Arab Saudi, Bahrain, Qatar, dan Oman meminta Iran menahan diri dan memperingatkan Teheran tentang implikasi yang menghancurkan bagi wilayah itu.
Arab Saudi cs yang berupaya menjadi penengah antara AS dan Iran, khawatir tentang potensi perang habis-habisan dan dampaknya terhadap ekonomi dan keamanan mereka.
Kawasan Timur Tengah kini dalam keadaan siaga tinggi, dengan orang-orang menimbun persediaan dan maskapai penerbangan menghentikan penerbangan, karena Iran mempertimbangkan pilihannya untuk membalas dendam terhadap AS.
Seperti diberitakan, Amerika Serikat telah mengambil tindakan militer langsung dalam perang Israel dengan Iran.
Pada tanggal 22 Juni, Presiden Donald Trump memerintahkan serangan udara terhadap tiga lokasi nuklir Iran yang dibentengi—Fordow, Natanz, dan Isfahan—menandai serangan pertama terhadap infrastruktur nuklir Iran oleh AS dalam beberapa dekade.
Serangan tersebut menyusul serangan awal Israel ke Iran pada tanggal 13 Juni lalu.
Dalam pidato yang disiarkan di televisi, Trump mengklaim bahwa ia telah "menghancurkan sepenuhnya" program nuklir Iran.
Iran segera menanggapi. "Amerika harus tahu bahwa setiap intervensi militer AS niscaya akan disertai dengan kerusakan yang tidak dapat diperbaiki," kata Pemimpin Tertinggi Iran Ayatollah Ali Khamenei.
"AS yang terlibat dalam masalah ini [perang] 100 persen akan merugikan dirinya sendiri.
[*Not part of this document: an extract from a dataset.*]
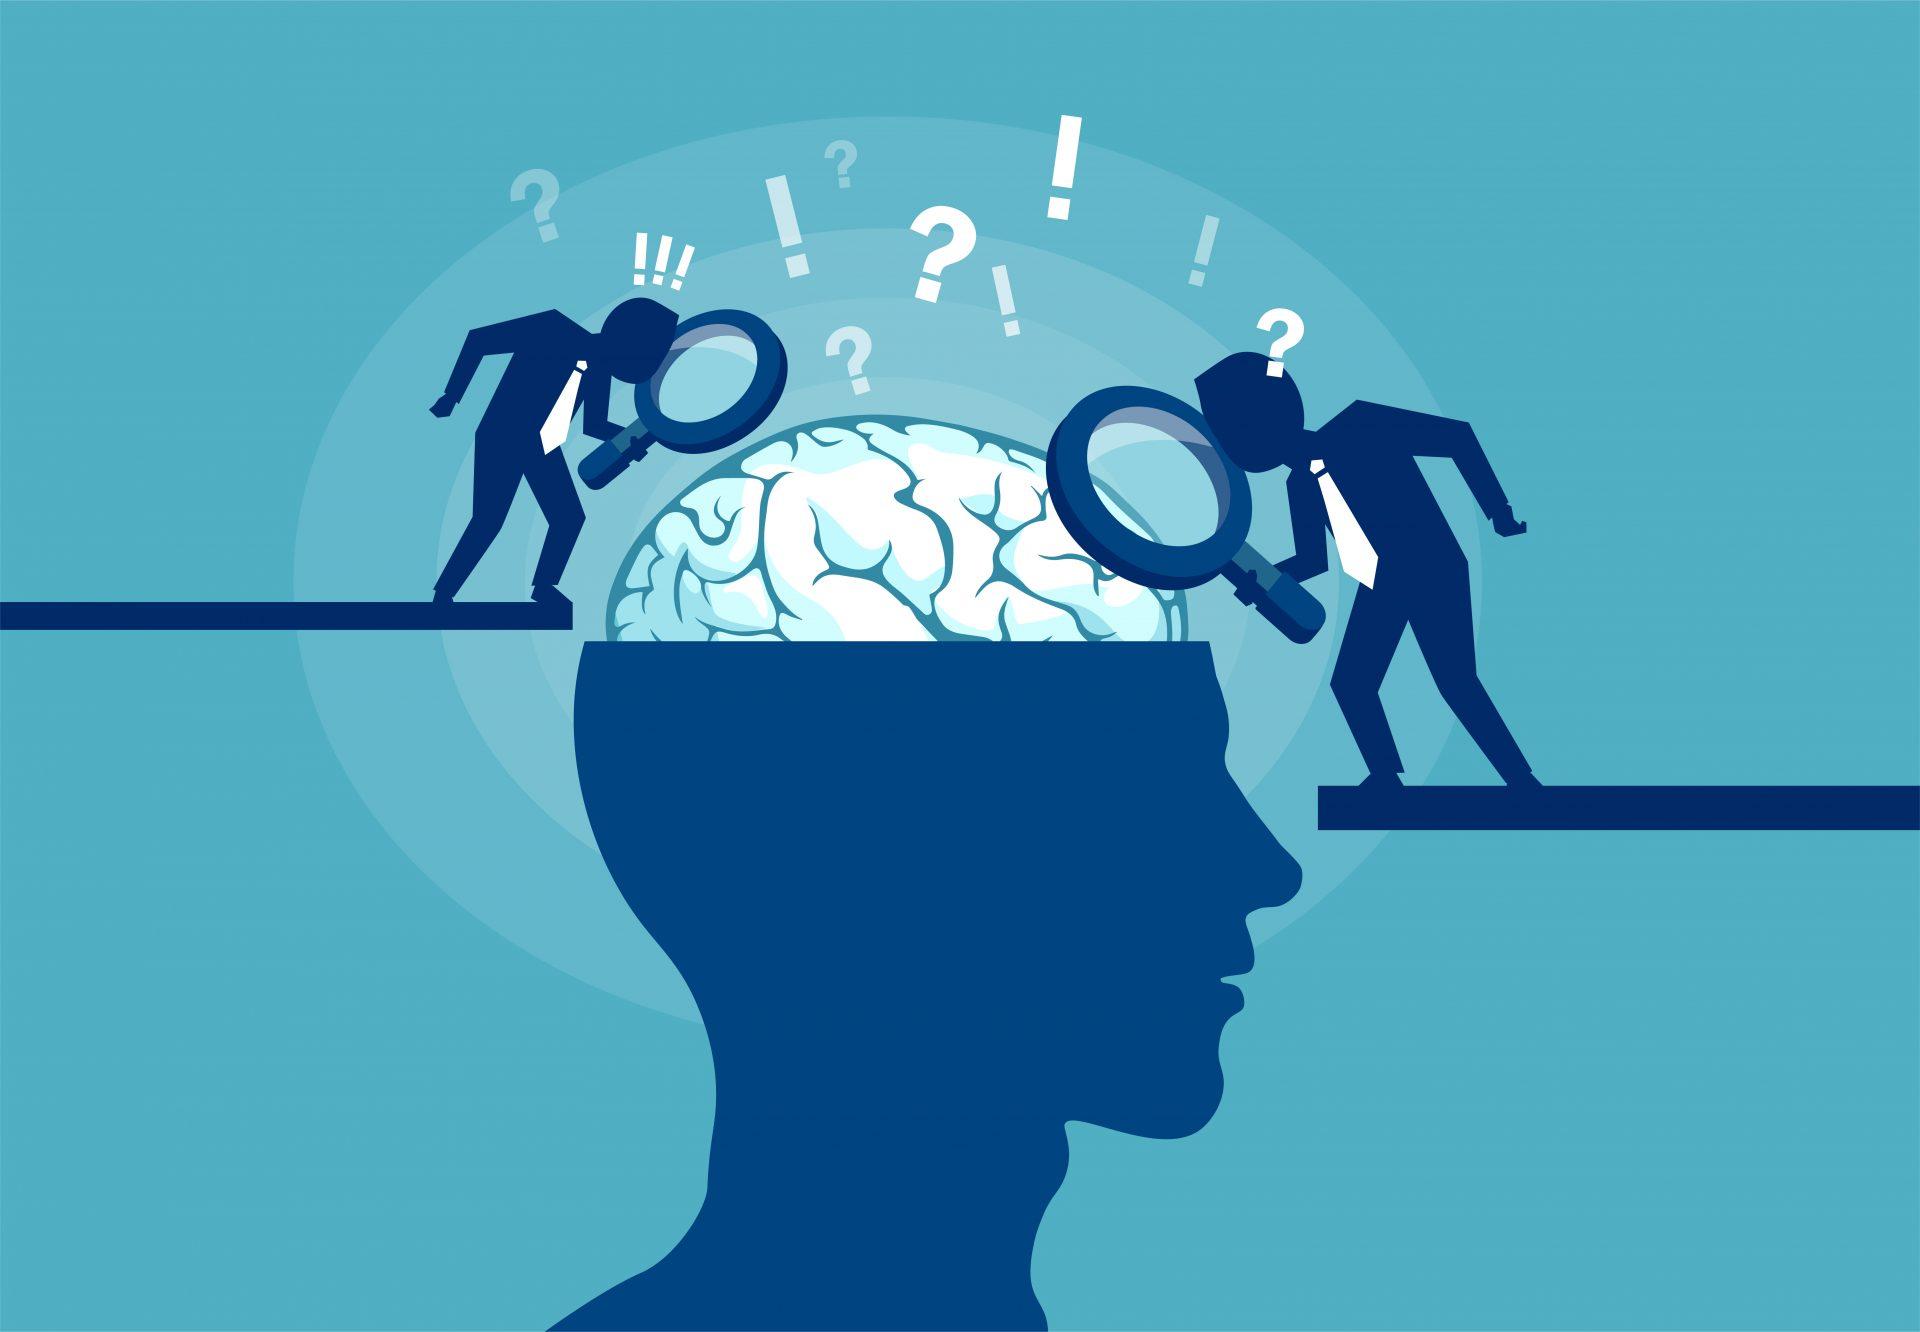 Bias cognitivi, cosa sono e perchè possono essere utilizzati nel marketing

Kerusakan yang akan dideritanya akan jauh lebih besar daripada kerugian apa pun yang mungkin dialami Iran."
Pembalasan Iran
Teheran kini secara terbuka mengancam akan membalas, dengan menyebut pasukan AS di seluruh Teluk sebagai target. Setidaknya 19 lokasi diyakini berada dalam pandangan Iran.
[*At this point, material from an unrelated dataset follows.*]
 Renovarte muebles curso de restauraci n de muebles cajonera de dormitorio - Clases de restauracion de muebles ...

Ini termasuk pangkalan militer di Bahrain, Irak, Qatar, Kuwait, Arab Saudi, UEA, Yordania, dan Mesir. Sebagian besar berada dalam jangkauan rudal atau pesawat nirawak pendek.
Menteri Luar Negeri Iran Abbas Araghchi berkata, "Mereka melewati batas merah yang sangat besar dengan menyerang fasilitas nuklir... Kami harus menanggapi berdasarkan hak sah kami untuk membela diri."
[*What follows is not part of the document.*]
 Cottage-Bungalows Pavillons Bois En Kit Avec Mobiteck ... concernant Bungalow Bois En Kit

Ketika ditanya tentang kemungkinan menutup Selat Hormuz, ia menjawab Iran memiliki "berbagai pilihan yang tersedia."
Bahkan Menlu Iran ini menambahkan, "Saya tidak tahu berapa banyak ruang yang tersisa untuk diplomasi."
Armada ke-5 AS jadi sasaran
Satu di antara yang jadi target potensial adalah Armada ke-5 Angkatan Laut AS, yang berkantor pusat di Naval Support Activity Bahrain, di Pelabuhan Mina Salman, Manama.
Pangkalan ini adalah pusat komando untuk operasi angkatan laut AS di Teluk Persia, Laut Arab, Laut Merah, dan sebagian Samudra Hindia. Nilai strategisnya terletak pada pengamanan dua titik rawan pengiriman yang vital: Selat Hormuz dan Bab el-Mandeb.
NSA Bahrain juga menjadi tuan rumah Komando Pusat Angkatan Laut AS (NAVCENT). Komando ini mendukung 15.000 personel di laut dan lebih dari 1.000 staf di darat.
Misi utamanya meliputi patroli antipembajakan, pencegatan penyelundupan, dan kebebasan navigasi di perairan yang kaya minyak.
Pangkalan ini juga menjadi rumah bagi kapal perang besar, kapal logistik, kapal antiranjau, dan detasemen Penjaga Pantai AS.
Awalnya dibangun dan dioperasikan oleh Angkatan Laut Kerajaan Inggris pada tahun 1920-an, situs ini telah menjadi benteng militer AS sejak Perang Dunia II.
Amerika Serikat mengoperasikan jaringan pangkalan yang luas di seluruh Teluk dan Timur Tengah yang lebih luas. Ini termasuk:
Respons Iran mungkin tidak terbatas pada rudal saja. Teheran juga dapat menggunakan sekutu regionalnya untuk menyerang secara tidak langsung.
Dampak ekonomi
Poros Perlawanan Iran mencakup kelompok bersenjata di Yaman, Irak, dan Lebanon.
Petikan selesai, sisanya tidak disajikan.